Yazan Khalili is a phd candidate at ASCA, UvA as part of Imaginart group. He is an artist, architect, and a cultural producer. His practice frames landscapes, institutions, and social and technological phenomena as politicized entities. His practice engages with the settler colonial question, whether in Palestine or elsewhere. He has worked extensively on surveillance related technologies such as facial recognition and its links with indigenous masks and European recognition of who is human during European colonization. He is interested in structures, institutional as well as other, and how those structures are built, and how they perform. This aspect can be traced both in his work at Khalil Sakakini Cultural Center, in Ramallah where during his tenure there, he was affirmatively critiquing funding and the foundations of a cultural institution under settler colonialism. He is the co-founder of Radio Alhara, and the Question of Funding collectives.

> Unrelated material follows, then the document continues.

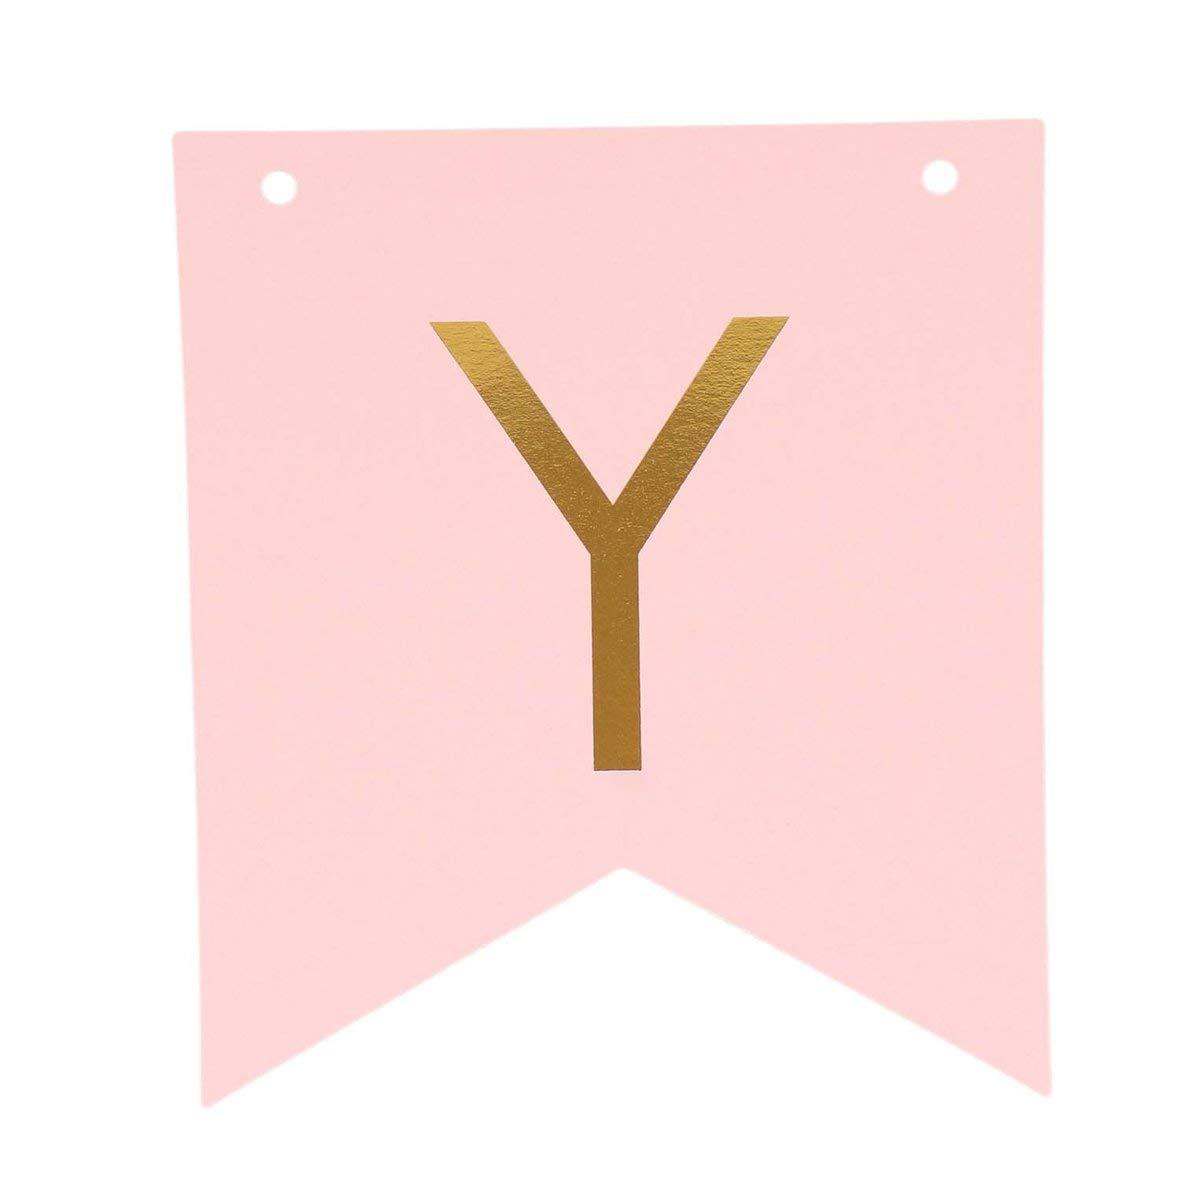 Heaviesk Rosa Feliz Cumplea/ños Banner Guirnalda Colgante Letras de Oro Apoyos Bunting Garland Boda Decoraci/ón Fiesta Accesorio del Evento

The Artistic Research Research Group seeks to promote an exchange of ideas between artists and scholars from a wide range of fields and disciplines. As an emerging trans-disciplinary field of inquiry,Artistic Research typically unfolds through discursive forms of communication and dialogue in parallel with non-discursive, artistic practice(s). This enables researchers/makers coming from fine arts, design, dance, film, performance art, theatre and music to share and compare processes of production, methodologies and results with the academic community. Furthermore, The outcomes of Artistic Research strive to make different modes of knowledge production visible in academic and societal contexts. A series of seminars are organized yearly to promote the exchange of ideas and experiences among artistic researchers and those interested in the field. During the seminars two or more artistic researchers will be invited to share their practice with the participants of the seminars. The participants include PhD Candidates, but also those who have already completed their PhDs and would like to keep discussing their research within a community of like-minded artists/scholars. Those interested in potentially pursuing academic study are also welcome to join, including Research Master students who wish to attain first-hand knowledge of the discipline.